=== Exercise materials ===

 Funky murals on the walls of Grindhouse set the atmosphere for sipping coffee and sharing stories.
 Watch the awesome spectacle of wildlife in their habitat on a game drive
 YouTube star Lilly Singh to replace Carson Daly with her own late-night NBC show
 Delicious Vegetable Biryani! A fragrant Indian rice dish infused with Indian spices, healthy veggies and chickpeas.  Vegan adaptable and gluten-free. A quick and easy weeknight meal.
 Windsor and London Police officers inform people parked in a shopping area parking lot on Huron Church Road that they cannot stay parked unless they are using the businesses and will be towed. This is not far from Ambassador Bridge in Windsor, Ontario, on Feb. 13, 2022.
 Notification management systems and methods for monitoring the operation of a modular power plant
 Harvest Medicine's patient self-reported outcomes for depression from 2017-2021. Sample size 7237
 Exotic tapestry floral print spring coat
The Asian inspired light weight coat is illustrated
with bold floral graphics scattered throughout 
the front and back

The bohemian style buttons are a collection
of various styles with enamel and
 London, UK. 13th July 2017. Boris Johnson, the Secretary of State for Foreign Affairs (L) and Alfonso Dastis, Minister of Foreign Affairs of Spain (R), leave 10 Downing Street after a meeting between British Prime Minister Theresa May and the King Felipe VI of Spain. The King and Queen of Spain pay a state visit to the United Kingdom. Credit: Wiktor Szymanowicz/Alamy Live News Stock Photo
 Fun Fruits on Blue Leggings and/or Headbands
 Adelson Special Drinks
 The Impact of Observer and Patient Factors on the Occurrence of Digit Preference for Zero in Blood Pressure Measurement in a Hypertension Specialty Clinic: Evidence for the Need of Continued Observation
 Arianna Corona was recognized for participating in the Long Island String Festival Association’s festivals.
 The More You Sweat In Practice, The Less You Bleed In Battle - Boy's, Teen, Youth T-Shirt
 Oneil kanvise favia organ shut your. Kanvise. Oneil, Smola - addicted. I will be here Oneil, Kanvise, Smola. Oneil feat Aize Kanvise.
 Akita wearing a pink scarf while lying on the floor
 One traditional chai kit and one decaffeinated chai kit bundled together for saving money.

===

Exercise:
Please transcribe the entries above exactly as written.

Worked solution:
 Funky murals on the walls of Grindhouse set the atmosphere for sipping coffee and sharing stories.
 Watch the awesome spectacle of wildlife in their habitat on a game drive
 YouTube star Lilly Singh to replace Carson Daly with her own late-night NBC show
 Delicious Vegetable Biryani! A fragrant Indian rice dish infused with Indian spices, healthy veggies and chickpeas.  Vegan adaptable and gluten-free. A quick and easy weeknight meal.
 Windsor and London Police officers inform people parked in a shopping area parking lot on Huron Church Road that they cannot stay parked unless they are using the businesses and will be towed. This is not far from Ambassador Bridge in Windsor, Ontario, on Feb. 13, 2022.
 Notification management systems and methods for monitoring the operation of a modular power plant
 Harvest Medicine's patient self-reported outcomes for depression from 2017-2021. Sample size 7237
 Exotic tapestry floral print spring coat
The Asian inspired light weight coat is illustrated
with bold floral graphics scattered throughout 
the front and back

The bohemian style buttons are a collection
of various styles with enamel and
 London, UK. 13th July 2017. Boris Johnson, the Secretary of State for Foreign Affairs (L) and Alfonso Dastis, Minister of Foreign Affairs of Spain (R), leave 10 Downing Street after a meeting between British Prime Minister Theresa May and the King Felipe VI of Spain. The King and Queen of Spain pay a state visit to the United Kingdom. Credit: Wiktor Szymanowicz/Alamy Live News Stock Photo
 Fun Fruits on Blue Leggings and/or Headbands
 Adelson Special Drinks
 The Impact of Observer and Patient Factors on the Occurrence of Digit Preference for Zero in Blood Pressure Measurement in a Hypertension Specialty Clinic: Evidence for the Need of Continued Observation
 Arianna Corona was recognized for participating in the Long Island String Festival Association’s festivals.
 The More You Sweat In Practice, The Less You Bleed In Battle - Boy's, Teen, Youth T-Shirt
 Oneil kanvise favia organ shut your. Kanvise. Oneil, Smola - addicted. I will be here Oneil, Kanvise, Smola. Oneil feat Aize Kanvise.
 Akita wearing a pink scarf while lying on the floor
 One traditional chai kit and one decaffeinated chai kit bundled together for saving money.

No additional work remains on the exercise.